Никакого тебе общего распорядка: все как дома. Ну, честно говоря, люди, которые платят по сто долларов в день, наверное, имеют право на такие вот маленькие удобства.
— Попозже, хорошо? — ответила пациентка.
И снова улыбнулась. Просто мурашки по коже, до чего ясная, добрая улыбка.
— Хорошо, — покладисто согласилась медсестра. — Вы мне позвоните, когда поесть захотите.
И вышла из палаты. Пора разносить лекарства всем остальным.
— Приятная женщина, — одобрила Евдокия Михайловна, проводив ее взглядом.
— Она очень хороший человек, — подтвердила Альбина Яковлевна. — Только очень одинокий.
— Не замужем?
— Нет. Прожила всю жизнь рядом с больной матерью в однокомнатной квартире… Какие тут женихи? Мать год назад умерла.
— Радуется, наверное, что такая гора с плеч упала? — горько спросила посетительница.
Альбина посмотрела на нее все понимающими спокойными глазами.
— Наоборот, Евдокия. Она никак места себе найти не может. Понимаешь, раньше ее жизнь была расписана, как график занятий в школе. Она точно знала, что в девять нужно кормить маму завтраком. Потом нужно сделать с ней упражнения… У матери был о инсульт, плохо слушалась правая рука. Потом шла на работу. Потом возвращалась домой и выводила мать на прогулку. Сон, упражнения, прогулка, визит к врачу, ужин… В общем, все было настолько заполнено правильными хлопотами, что времени на размышления не оставалось. А сейчас — дома тишина и пустота. Занять себя ей почти нечем, вот и остается в клинике по два дежурства подряд. Да еще и подменяет всех, кто попросит. Но за нее волноваться не надо: она справится. Она вообще очень хороший и сильный человек.
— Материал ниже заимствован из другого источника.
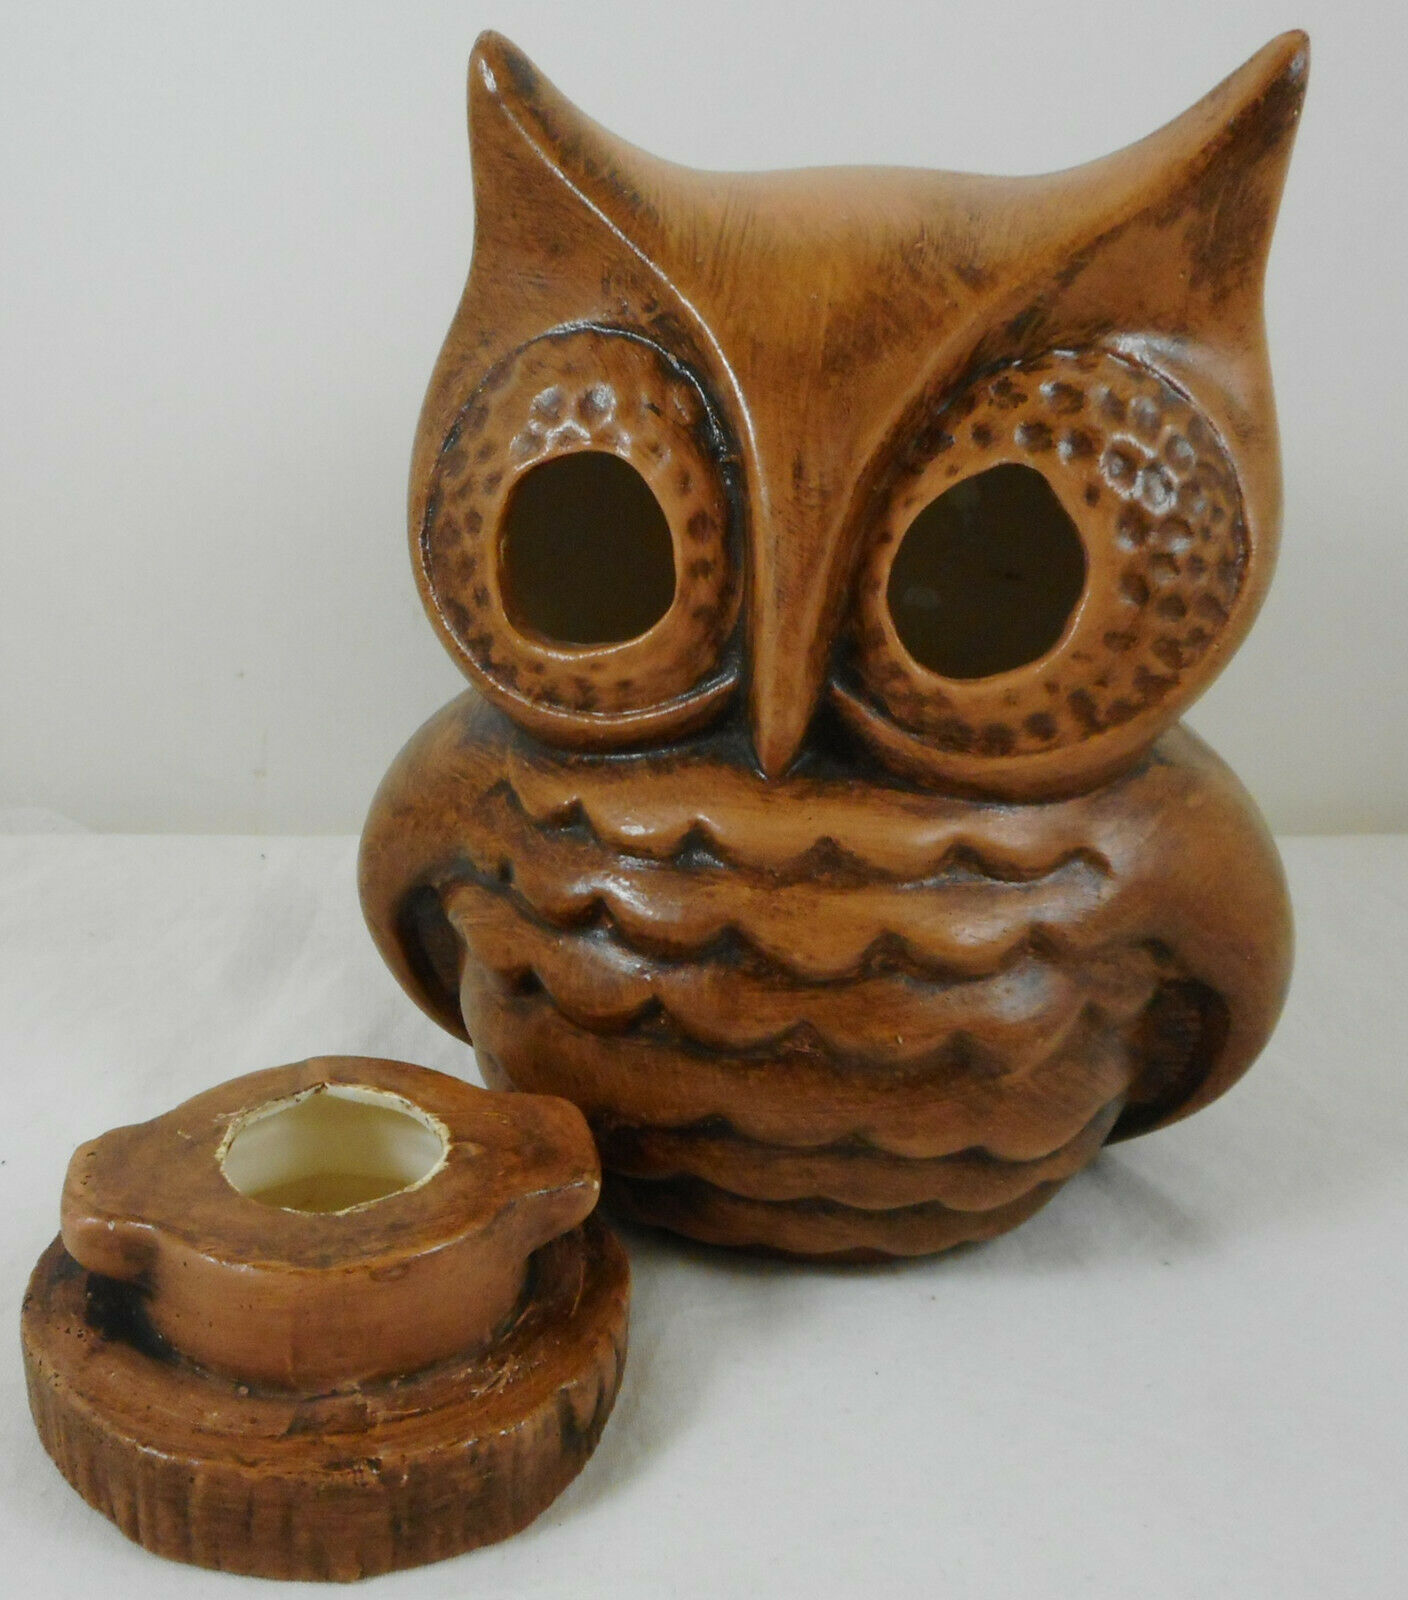 "Vintage Ceramic Owl Candlestick Holder 6"" Tall Brown Figurine"
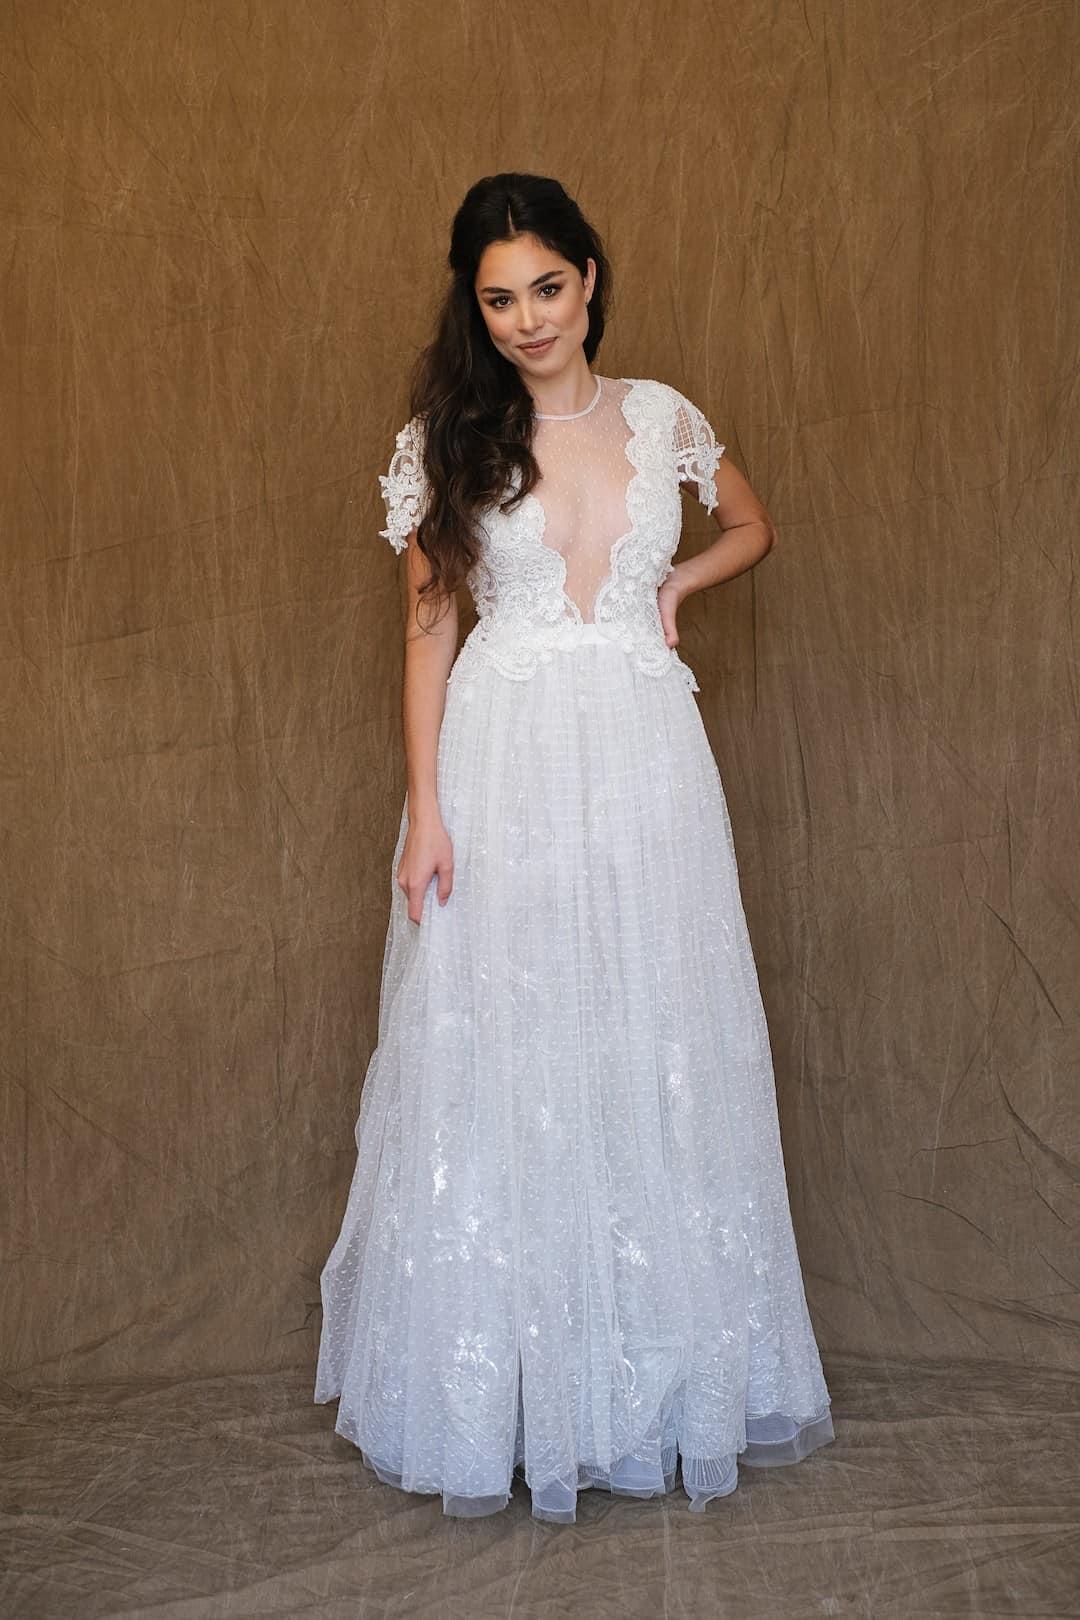 Romantic wedding dress - Marco&Maria - 2017-1007-front

— Это она тебе про себя рассказала? — спросила Евдокия Михайловна после маленькой паузы.
— Да нет. Она мне ничего не рассказывала.
— Аля, откуда же ты знаешь?
— Откуда я вообще все знаю? — вопросом на вопрос ответила та. — Просто знаю, и все. Да ты не пугайся, Дуня, я иногда знаю, но не понимаю, о чем речь идет. Вот, скажем, знаю, что ты постоянно думаешь о каком-то внуке. Но понятия не имею, чей это внук почему он тебя так беспокоит. Наверное, если бы я захотела, то могла бы узнать. Но я не хочу.
Евдокия Михайловна откашлялась.
— А почему ты врачам не расскажешь об этой своей способности? — спросила она официальным тоном.
— Да ну, зачем? Представь, во что превратится моя жизнь: отбоя не будет от посетителей, желающих все про себя узнать. А я не гадалка, Дуня. Говорю же тебе: иногда сама не понимаю, о чем речь. Например: есть тут одна медсестра. Она постоянно боится какого-то срыва. Понятия не имею, что за срыв. И не знаю, у кого он может произойти: у ее мужа, отца, брата, сына или у нее самой… Но недавно она принесла мне лекарства, и я вдруг поняла, что боится она не зря: срыв будет… Понимаешь? Как ей такое сказать? Она ведь заранее с ума сойдет. Поэтому иногда лучше не знать. Если все равно не в силах ничего изменить.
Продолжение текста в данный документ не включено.